_Exercise description_
Line by line, copy out the entries exactly and leave the pictures behind.

_Data to examine_

'''

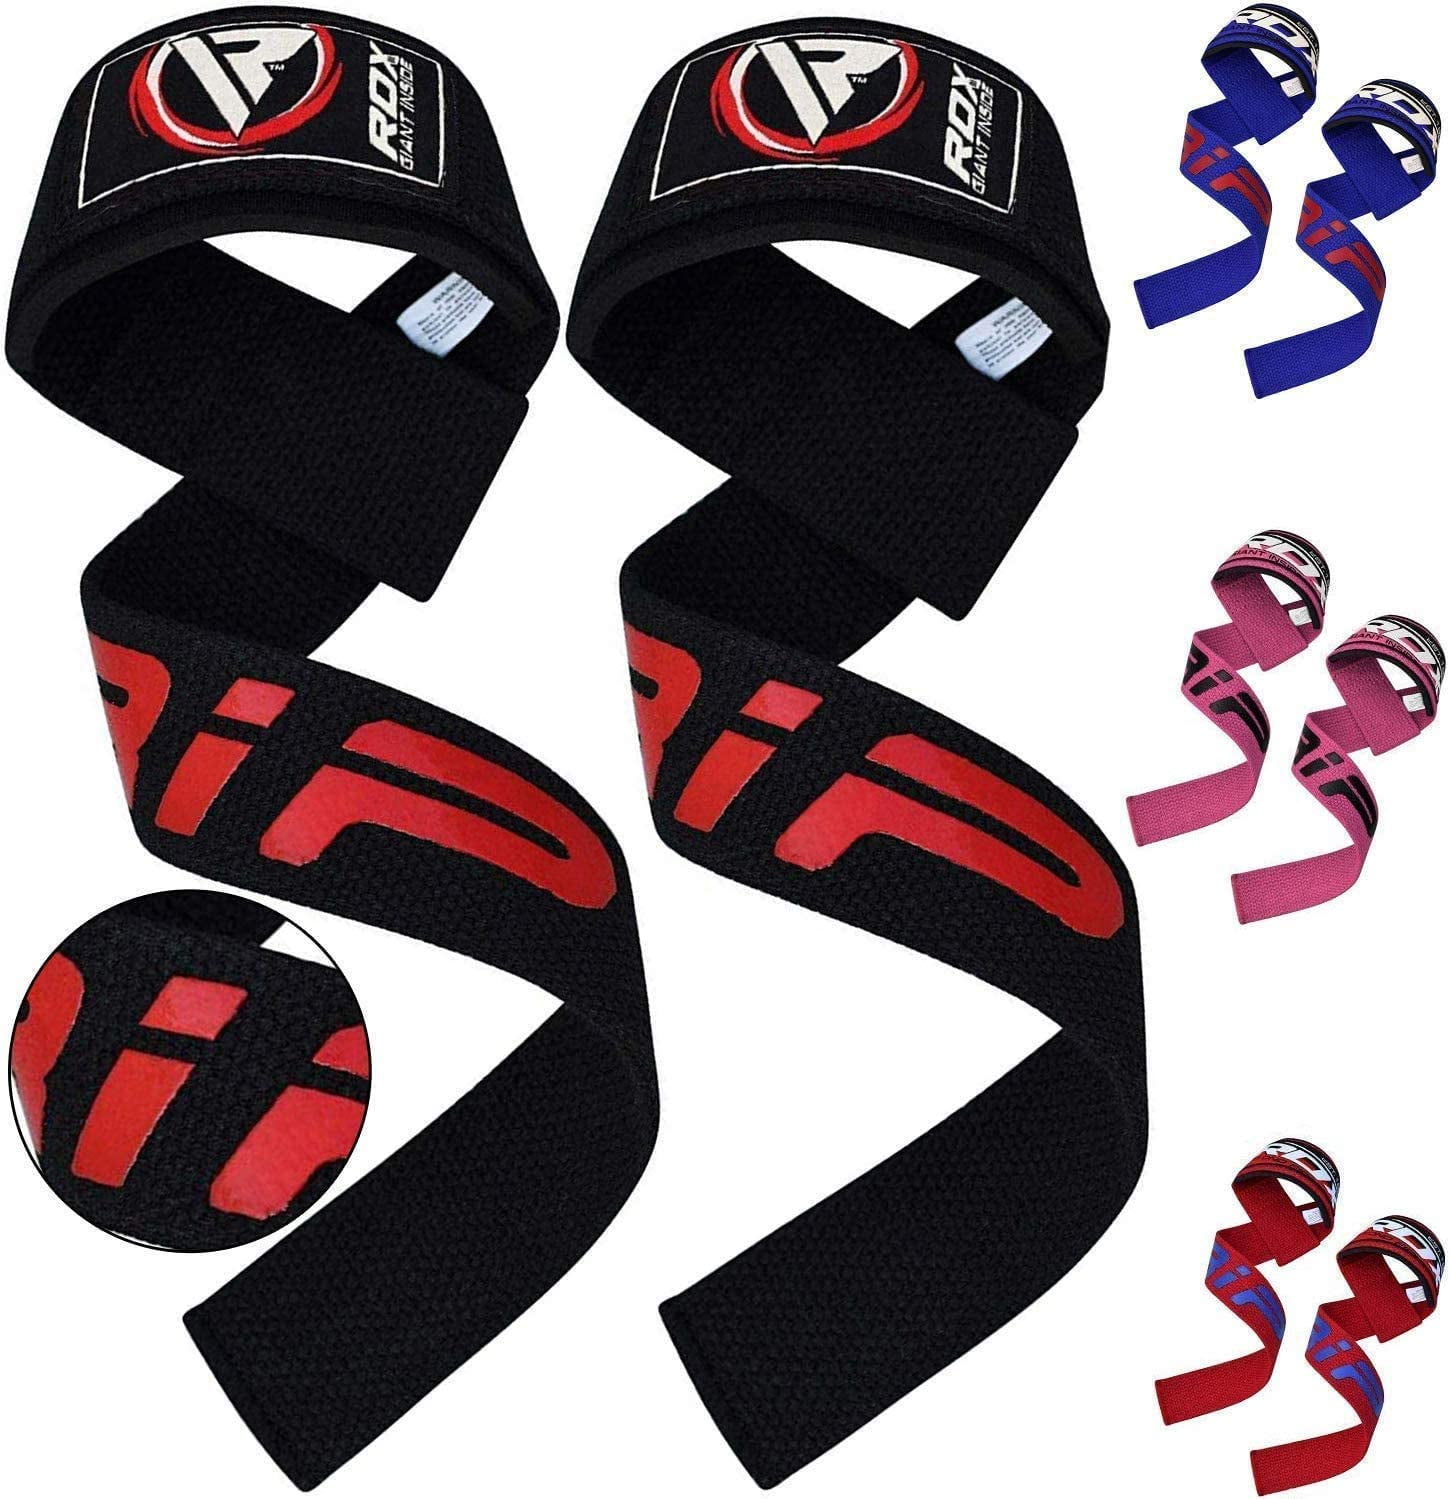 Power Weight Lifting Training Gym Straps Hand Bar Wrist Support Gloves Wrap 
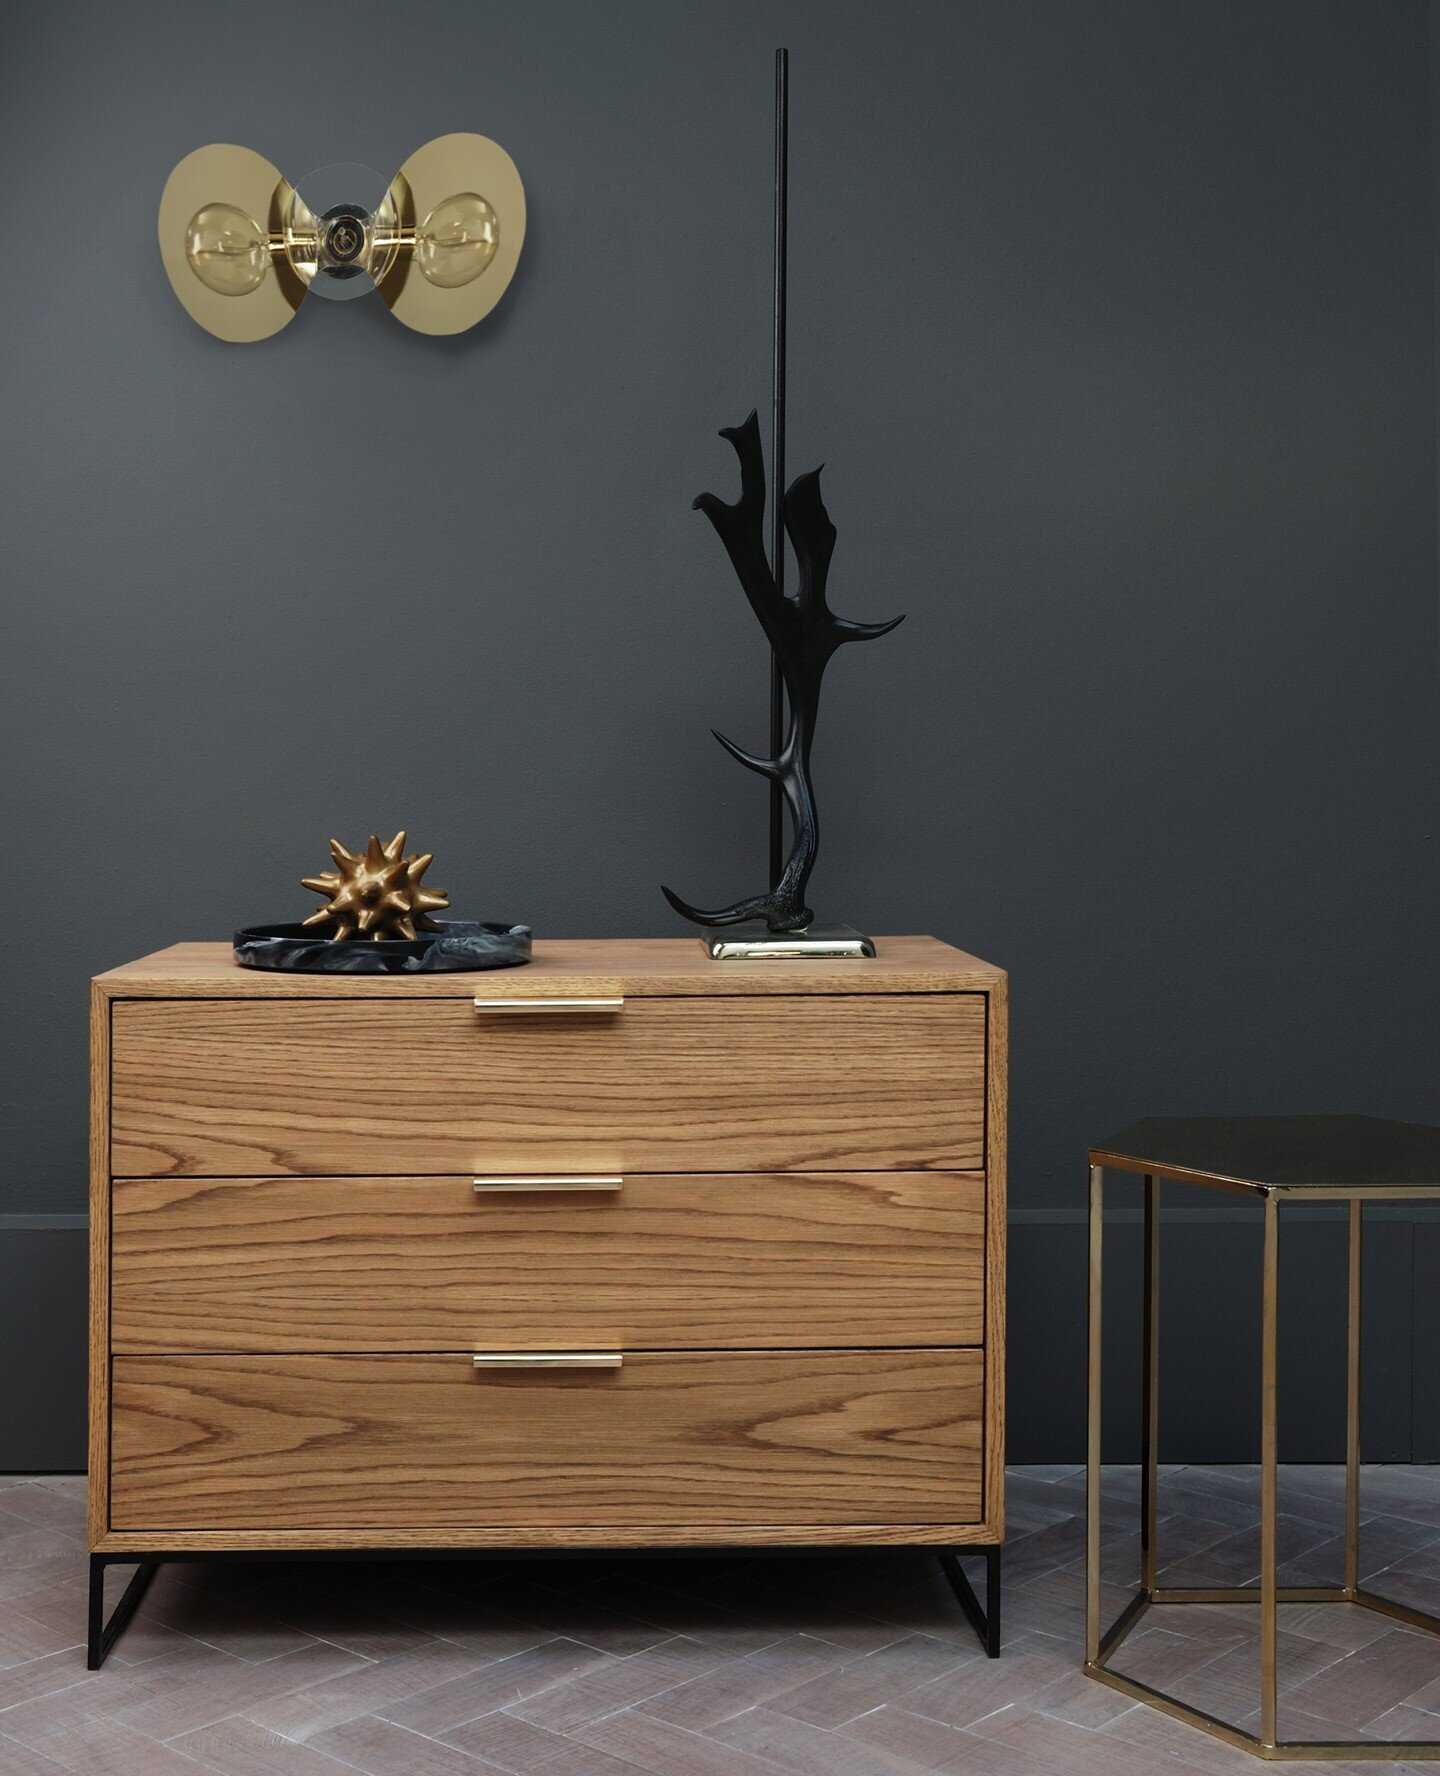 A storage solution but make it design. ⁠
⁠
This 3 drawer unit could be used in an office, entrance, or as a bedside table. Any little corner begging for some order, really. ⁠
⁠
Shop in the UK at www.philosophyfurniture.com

'''

_Written answer_
 Power Weight Lifting Training Gym Straps Hand Bar Wrist Support Gloves Wrap 
 A storage solution but make it design. ⁠
⁠
This 3 drawer unit could be used in an office, entrance, or as a bedside table. Any little corner begging for some order, really. ⁠
⁠
Shop in the UK at www.philosophyfurniture.com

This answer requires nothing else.